Peri smiled at her, a little uneasy as this was the first time she'd looked him in the eye. Wow! He thought. Her hazel eyes are beautiful. Easy; not too much about me, not yet, "I'm from a world on the Core's edge. My employ deals with intergalactic defense, with emphasis on information gathering, since the HoloNet has yet to be restored for some reason." He related to her about Lady Gosell's crime ring, using the topic as a decoy to avoid naming his homeworld, or revealing his intentions with the Sith, or the connections he had uncovered recently between the Sith and several aspects of the web that appeared to be about to emerge and surge against the core worlds. He tried to remember and share every boring detail, but she listened intently, eyes locked onto him, as if it was all interesting to her. He gradually found he couldn't think of a single boring detail to shake her fascination.

He was relieved when the warning beeps sounded indicating they were near the end of their hyperspace jump. "Ah! If you'll excuse me," he turned his head toward T3, "Standby for realspace on my mark." Turning back to his controls he counted down from 5, pushed forward on a lever, then the light streaks blurred back into barely visible fixed star positions in a vast, black vacuum. "T3, let me have the results of your system scan as soon as possible, long range first." Ord Mantell loomed ahead of them off in the distance of space, a ball smaller than a hand at this distance, with a pinkish hue across the day side

"Something doesn't feel right," said Thera, quietly.

"What, is that some sort of Force warning?" Peri asked, intending to downplay her remark.

"I don't know," she replied with a small degree of uncertainty, as she fixed her gaze away from him again, out the viewport at the planet ahead of them, "I just sense something out there waiting for us."

"T3, how about that scan? Has anyone noticed us yet?
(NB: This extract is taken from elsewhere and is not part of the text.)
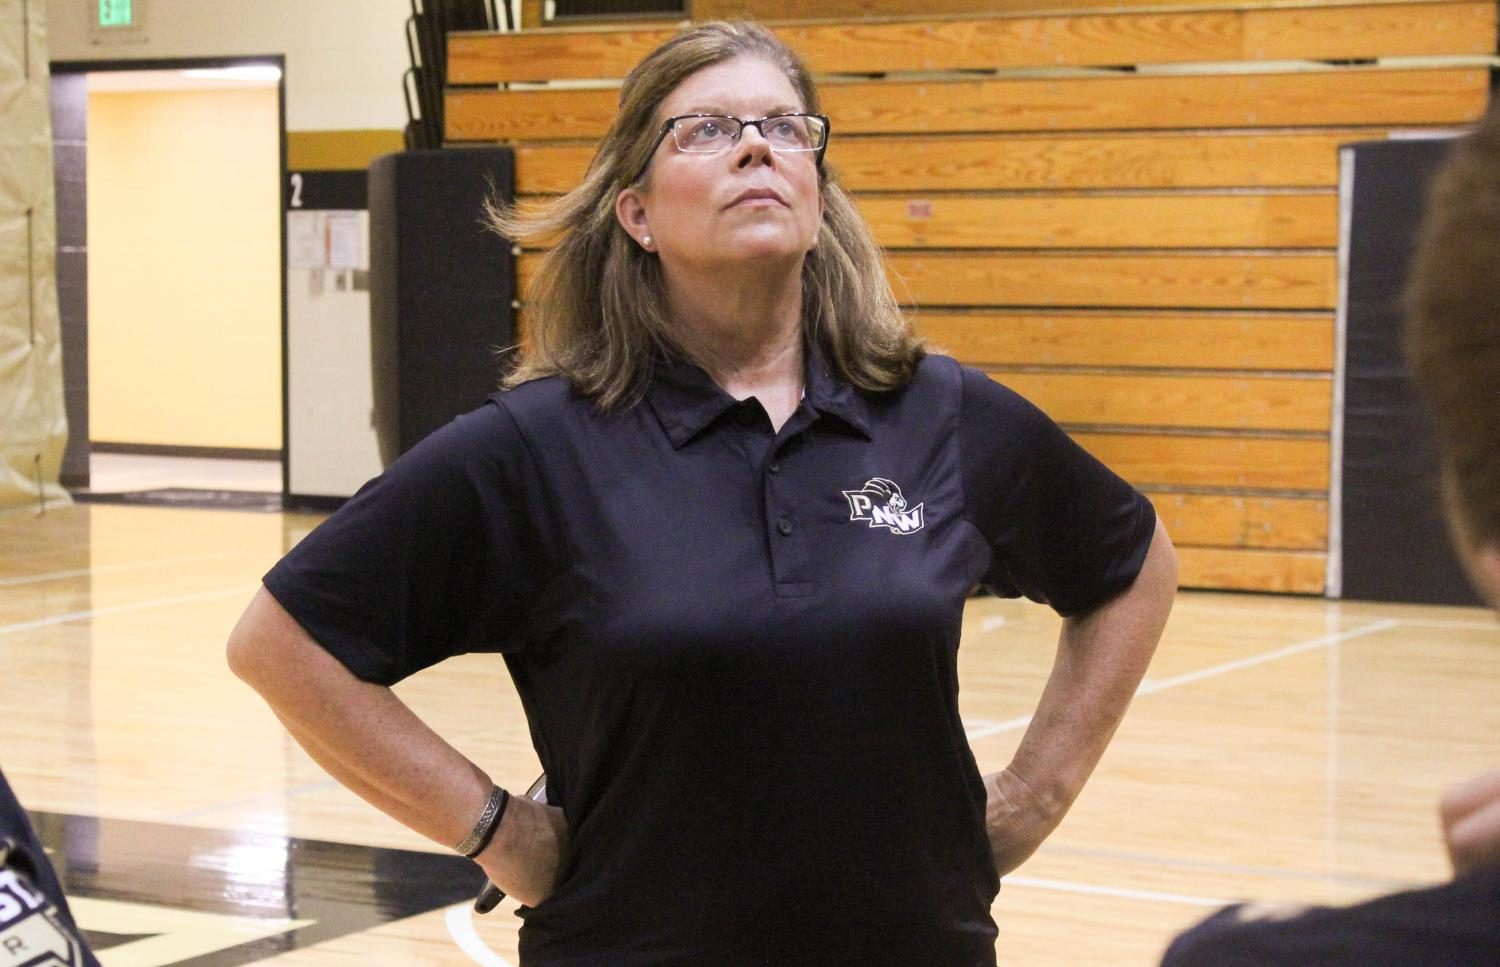 Michelle Searer, cheer coach, watches her team practice for the upcoming season.

Anything suspicious?" asked Peri.

T3 beeped twice and his readout appeared on Peri's HUD showing T3's scan results. Nothing out of the ordinary, at least not compared to his last visit a few months ago. They had come out of lightspeed far from the planet, a standard precautionary measure for Peri to avoid the uncertainty of any visceral planetary business, like a new blockade, police action, or unforeseen war of some sort in progress. A lack of the HoloNet outside the core made these sorts of things more unpredictable, especially when coming into realspace. One of those events, or a few other possibilities, may have been what set Thera off.

"If there's nothing specific you'd like to warn me about, then I'll begin to contact my associate." Peri didn't wait for a response from Thera and began creating an encryption at his communication panel. Thera sighed, climbed out of the copilot's station and made her way out of the cockpit. "I'll just be in the lounge meditating," she said, then disappeared.

When the door slid shut, Peri lowered his voice, "T3, I don't know what she felt, but let me know the instant you see anything unusual that doesn't resolve itself in, say, 90 seconds." T3 beeped an affirmative. As much as his luck had changed in the last few days, he didn't want to take anything for granted. Something had spooked Thera, and he wasn't sure how to implement measures accordingly. Now if his contact would hurry and respond to his hail…

The comlink finally chimed. There he is!